An agranulocytosis is referred to when the proportion of granulocytes falls below 500 cells per microliter of blood.
Granulocytes belong to the white blood cells and can be found wherever the body comes into contact with pathogens, for example on the mucous membranes. They are formed in the bone marrow and are mainly responsible for the defense against bacteria and fungi, so crucial for the maintenance of the immune system.
If no granulocytes are formed in the bone marrow, for example, as a result of taking a drug, there is a strong reduction or even complete absence of granulocytes in the blood.
Forms of agranulocytosis:
Generally, a distinction is made between allergic and congenital agranulocytosis. Congenital agranulocytosis is rare. An example here can be called the Kostmann syndrome.
More common, however, is drug-induced agranulocytosis, with two types being distinguished. Type I allergic agranulocytosis is triggered by drugs. The immune reaction to the drug, in which the granulocytes are damaged, happens both time- and dose-independent.
Type II is also called toxic agranulocytosis because the drug triggers toxic bone marrow damage. Characteristic here is that type II is both dose-dependent and time-dependent. The difference between type I and type II is that granulocytes are formed in type I, but they are destroyed. Type II already prevents the production of granulocytes in the bone marrow.
Unless it is a hereditary conditional agranulocytosis, agranulocytosis can be triggered by an immune reaction to certain drugs as well as toxic effects on the bone marrow.
The most common cause of agranulocytosis is the intolerance of certain drugs that severely damage the granulocytes.

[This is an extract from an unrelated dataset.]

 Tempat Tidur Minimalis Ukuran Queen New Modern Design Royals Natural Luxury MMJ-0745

Medications in which agranulocytosis has been frequently observed are:
Drugs that trigger type II agranulocytosis directly damage bone marrow cells. An example of such a drug is chlorpromazine. It should be noted that the drug inducing agranulocytosis can be re-used over time at a correspondingly low dose without causing such a reaction. Unlike the type I. Here, the allergic reaction usually stays alive for a lifetime and even the smallest amounts of the drug again lead to an agranulocytosis.

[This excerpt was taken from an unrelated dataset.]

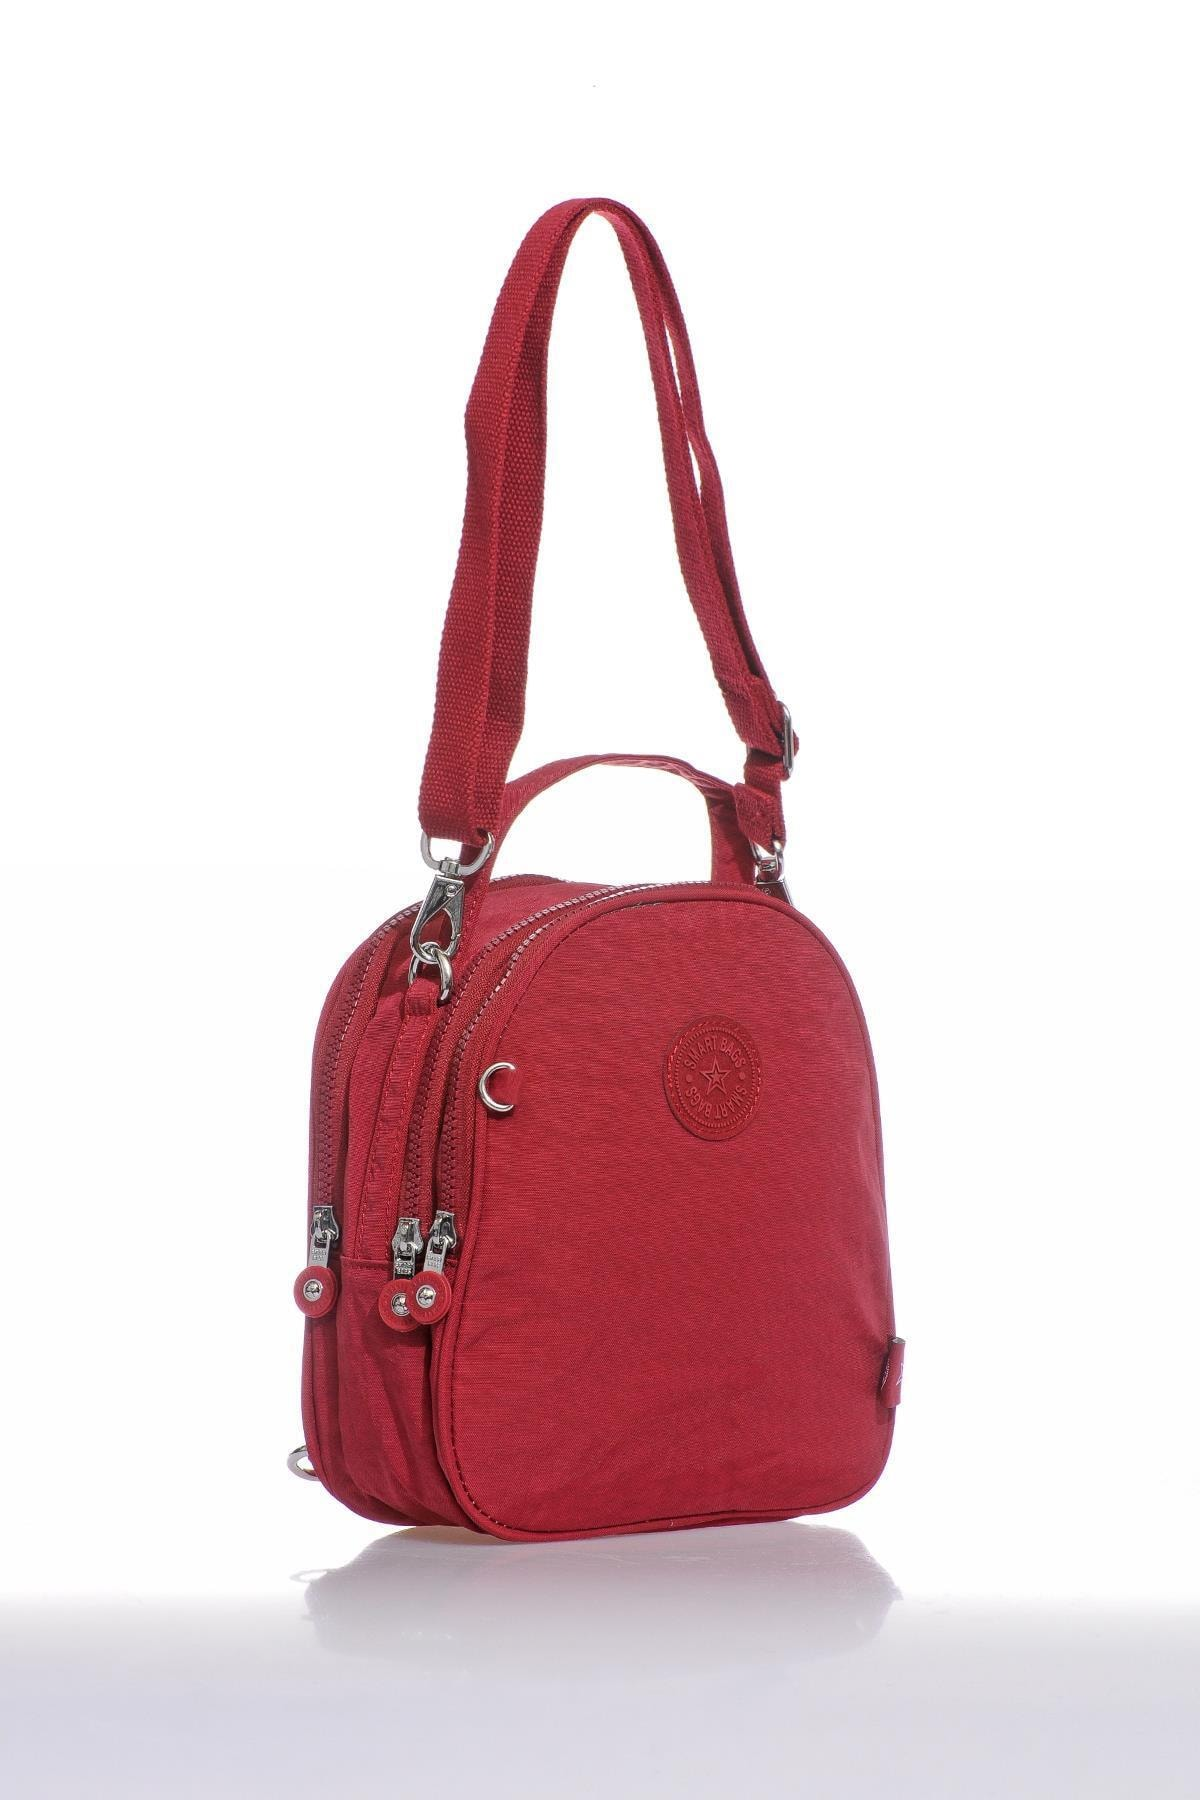 SMART BAGS Smb3063-0021 Bordo Kadın Sırt Çantası 2

An agranulocytosis first expresses itself by non-specific symptoms. At the beginning of the disease headache and muscle pain, fever and a general malaise occur. In the further course it can come to high fever with shivering and gastrointestinal complaints. Nausea and vomiting are typical, and diarrhea usually occurs in later stages.
Loss of fluids can lead to deficiency symptoms, such as dizziness, tiredness and limited physical and mental performance. Furthermore, agranulocytosis can cause lymphadenopathy, mucous membrane necrosis in the mouth and throat, and respiratory tract infections. The anus area can also inflame, which is manifested by severe pain, itching and bleeding.

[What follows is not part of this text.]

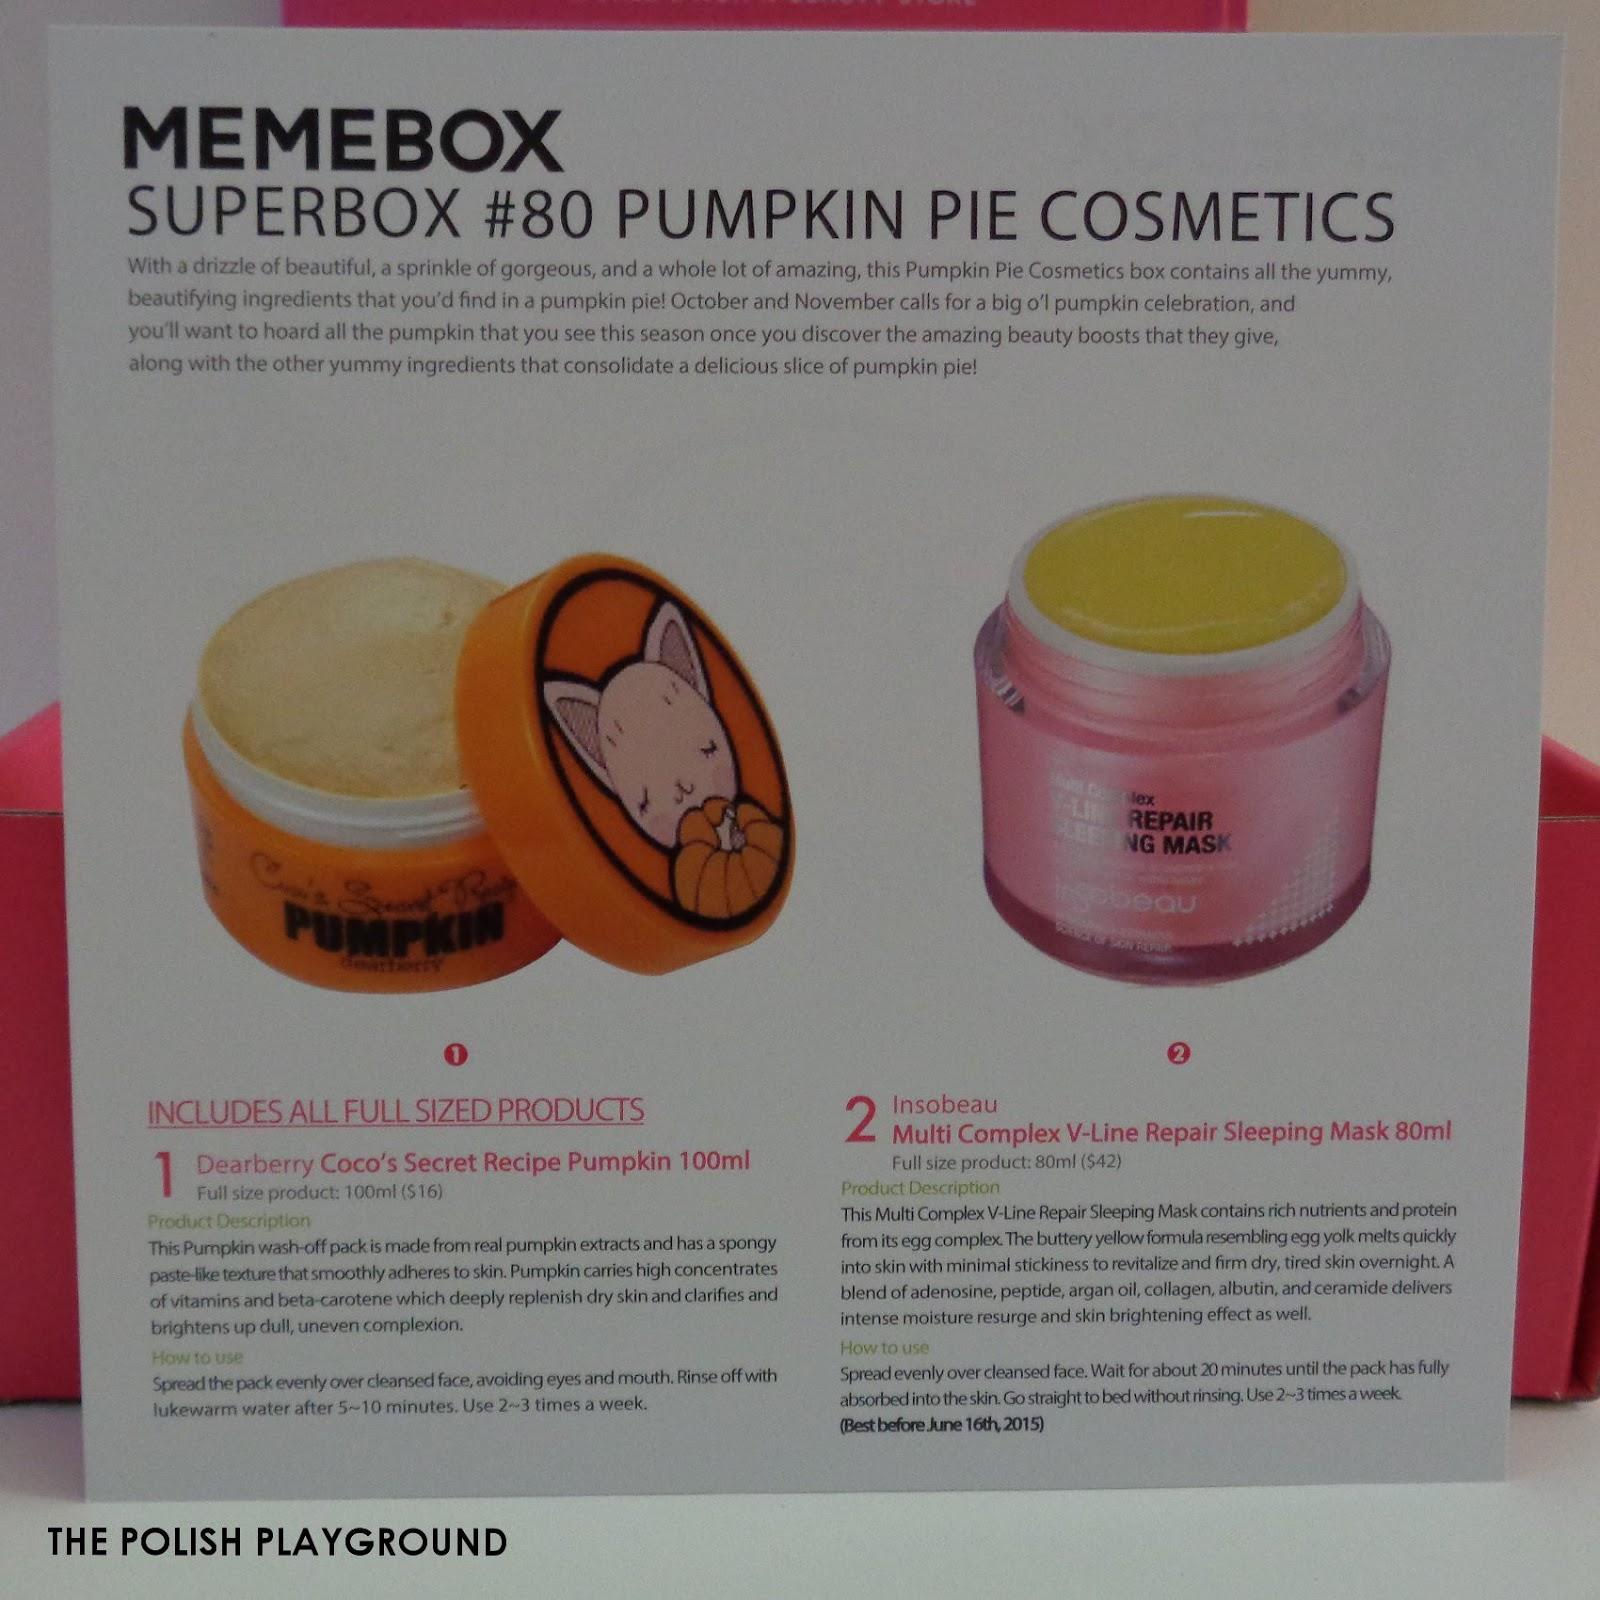 Memebox Superbox #80 Pumpkin Pie Cosmetics Unboxing

The weakened immune system can no longer ward off any pathogens, which leads to increased infections. Especially the mucous membranes are affected - it comes to about herpes or tonsillitis. If the agranulocytosis is based on an immune reaction to a drug, the symptoms mentioned occur immediately after ingestion.
On the other hand, toxic agranulocytosis progresses creepingly, causing major symptoms only in the later stages of the disease. An external feature of the sufferer is pale skin, which is sometimes associated with sweating and skin irritation.
The onset of agranulocytosis manifests itself for the time being nonspecifically with a general malaise, head and muscle pain and fever. This is followed by a high fever with chills, nausea, lymphadenopathy, mucosal necrosis of the mouth and throat, infections of the respiratory tract and the anus area. Also pneumonia or diarrhea can occur. Generally, there is a serious feeling of illness.
As the immune system collapses, infections, especially of the mucous membranes, occur in particular. Examples are herpes or tonsillitis.
If it is an immune reaction to a drug, the symptoms occur immediately, often after the first dose. In the case of toxic agranulocytosis, the first symptoms can only become apparent after weeks.
The question whether an agranulocytosis is present or not can be answered very simply by examining the granulocytes in the blood (blood count).
In addition, a physical examination is carried out, in which lymph nodes and mucous membranes are examined in detail.
The course of the disease as well as the medication intake are worked on with the patient. There are no methods that could detect the causative drug. Therefore, it must be determined thoroughly, which drug comes as a trigger in question.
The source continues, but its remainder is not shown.